# USDA Recommendations for thawing a Turkey



## scarbelly (Nov 21, 2011)

With Turkey Day right around the corner, I thought I would share the USDA guidelines for thawing  a Turkey. I copied this right off their website

*Refrigerator Thawing*
When thawing a turkey in the refrigerator:

Plan ahead: allow approximately 24 hours for each 4 to 5 pounds in a refrigerator set at 40 °F or below.
Place the turkey in a container to prevent the juices from dripping on other foods.

[Top of Page]

http://*Refrigerator Thawing Times*
Whole turkey:

 4 to 12 pounds ……  1 to 3 days
12 to 16 pounds …… 3 to 4 days
16 to 20 pounds …… 4 to 5 days
20 to 24 pounds …… 5 to 6 days

A thawed turkey can remain in the refrigerator for 1 or 2 days before cooking. _Foods thawed in the refrigerator can be refrozen without cooking but there may be some loss of quality._

[Top of Page]

http://*Cold Water Thawing*
Allow about 30 minutes per pound.

First be sure the turkey is in a leak-proof plastic bag to prevent cross-contamination and to prevent the turkey from absorbing water, resulting in a watery product.

Submerge the wrapped turkey in cold tap water. Change the water every 30 minutes until the turkey is thawed. Cook the turkey immediately after it is thawed.

[Top of Page]

http://*Cold Water Thawing Times*

 4 to 12 pounds …… 2 to 6 hours
12 to 16 pounds …… 6 to 8 hours
16 to 20 pounds …… 8 to 10 hours
20 to 24 pounds …… 10 to 12 hours

_A turkey thawed by the cold water method should be cooked immediately. After cooking, meat from the turkey can be refrozen._


----------



## kielbasa kid (Nov 21, 2011)

Let me put this out there: regarding "Turkey thawed by the cold water method should be cooked immediately".

O.k., so it is now thawed BUT it is brined for an additional 2 days...

.then drained and patted dry but the brine is NOT rinsed off....

.then allowed to sit in the refrigerator for an additional 2 days in order to dry.....

then rinsed completely on cold water....

dried...and

a rub applied for another 12+ hours in the refrigerator

Then smoked with a liquid pan at 325 degrees.

How does this stack-up?  It's made-up of gathered forum wisdoms.

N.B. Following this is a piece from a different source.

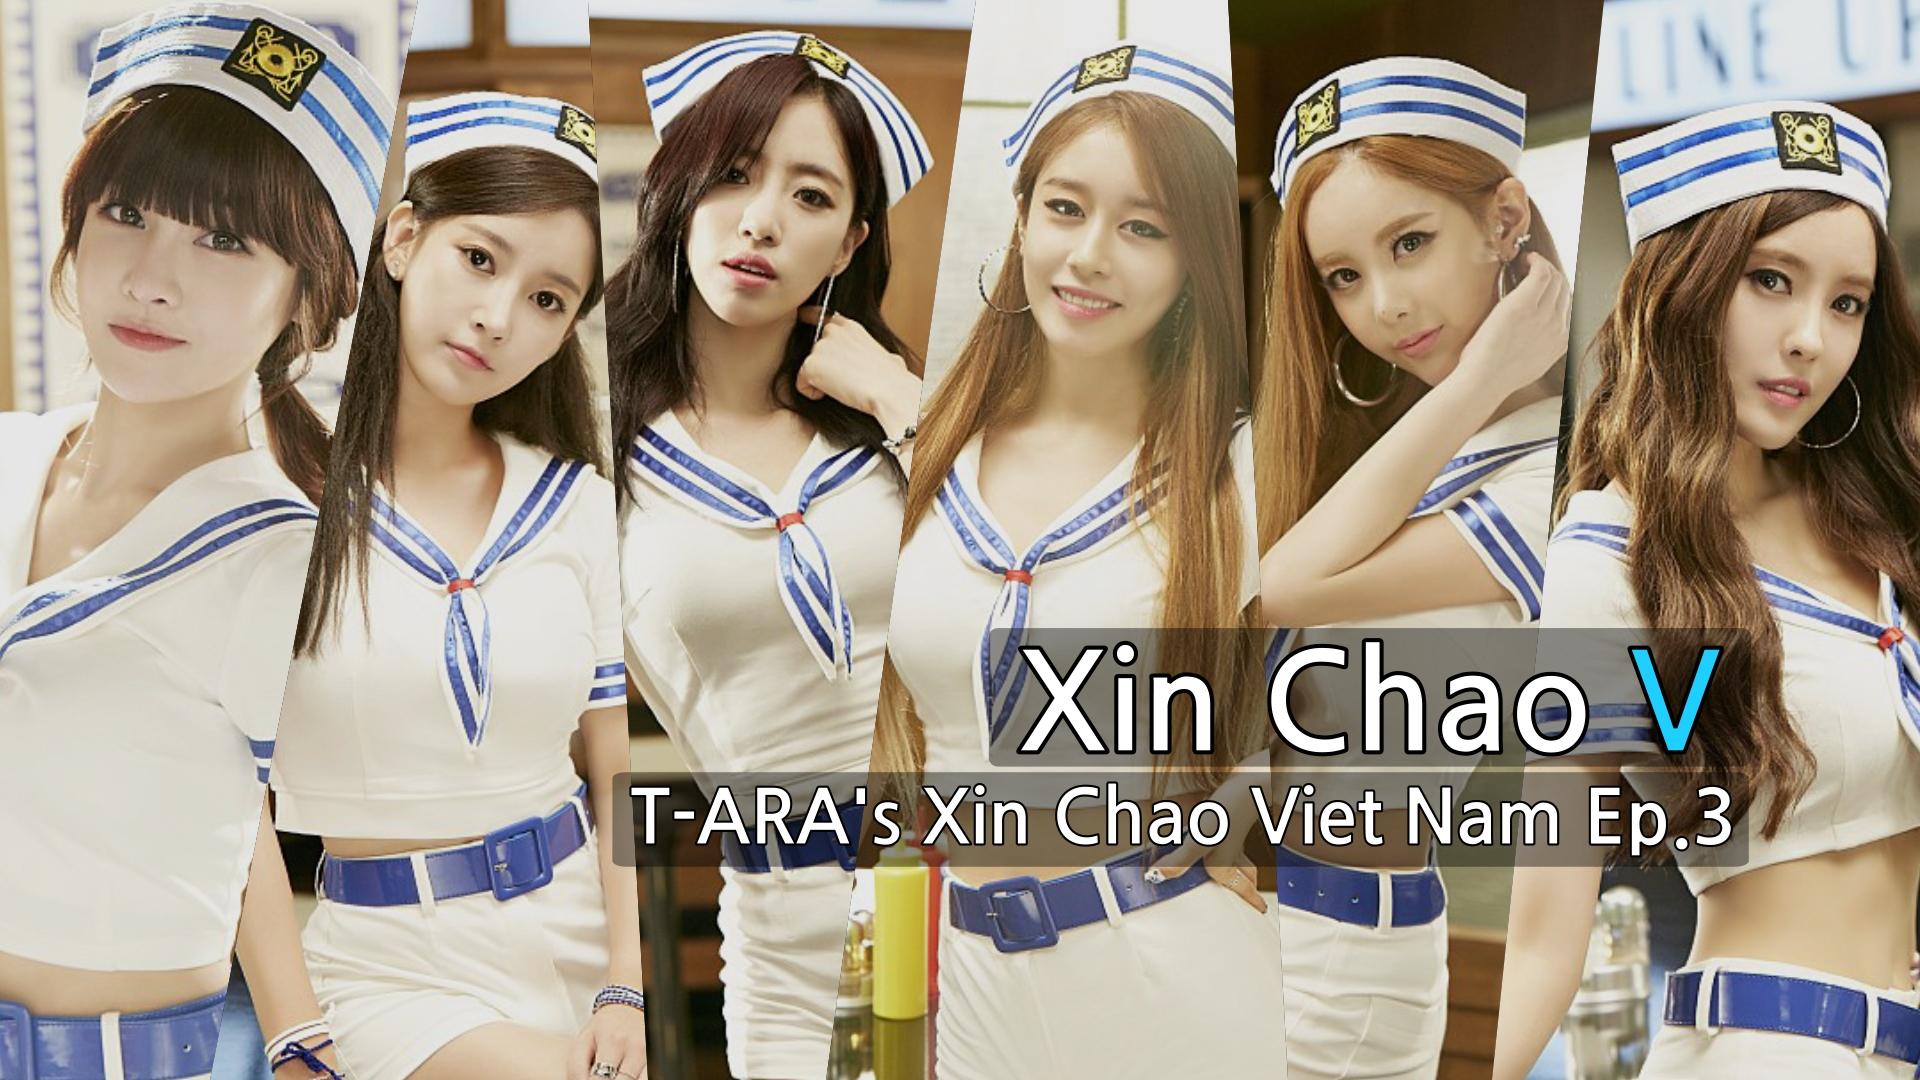 T-ARA's Xin Chao Viet Nam Ep.3

Jimmy J, et al; come in on this please or we may be going OUT for Thursday's dinner.

rich


----------



## eman (Nov 21, 2011)

Thaw the turkey, go to brine for 24 hrs , season,  back in fridge  12 - 24 hrs, smoke. don't know anything about all the rinsing and drying. sounds like doing laundry to me???


----------



## SmokinAl (Nov 21, 2011)

Thanks Scar for reminding us to be safe!


----------



## kielbasa kid (Nov 21, 2011)

"rinse", gets the residue off (especially salt) so it doesn't unduly effect the spices in the rub.

"dry", gets the water/liquid off, so the oil that is applied with and before the rub, can penetrate. Otherwise, oil rises above water.

Many spices are NOT water soluable and need oil to desolve them for penetration.

Spin drying on delicate cycle doesn't pull the drum sticks and wings off. Kapish?
	

	
	
		
		



		
			






rich


----------



## scarbelly (Nov 21, 2011)

eman said:


> Thaw the turkey, go to brine for 24 hrs , season,  back in fridge  12 - 24 hrs, smoke. don't know anything about all the rinsing and drying. sounds like doing laundry to me???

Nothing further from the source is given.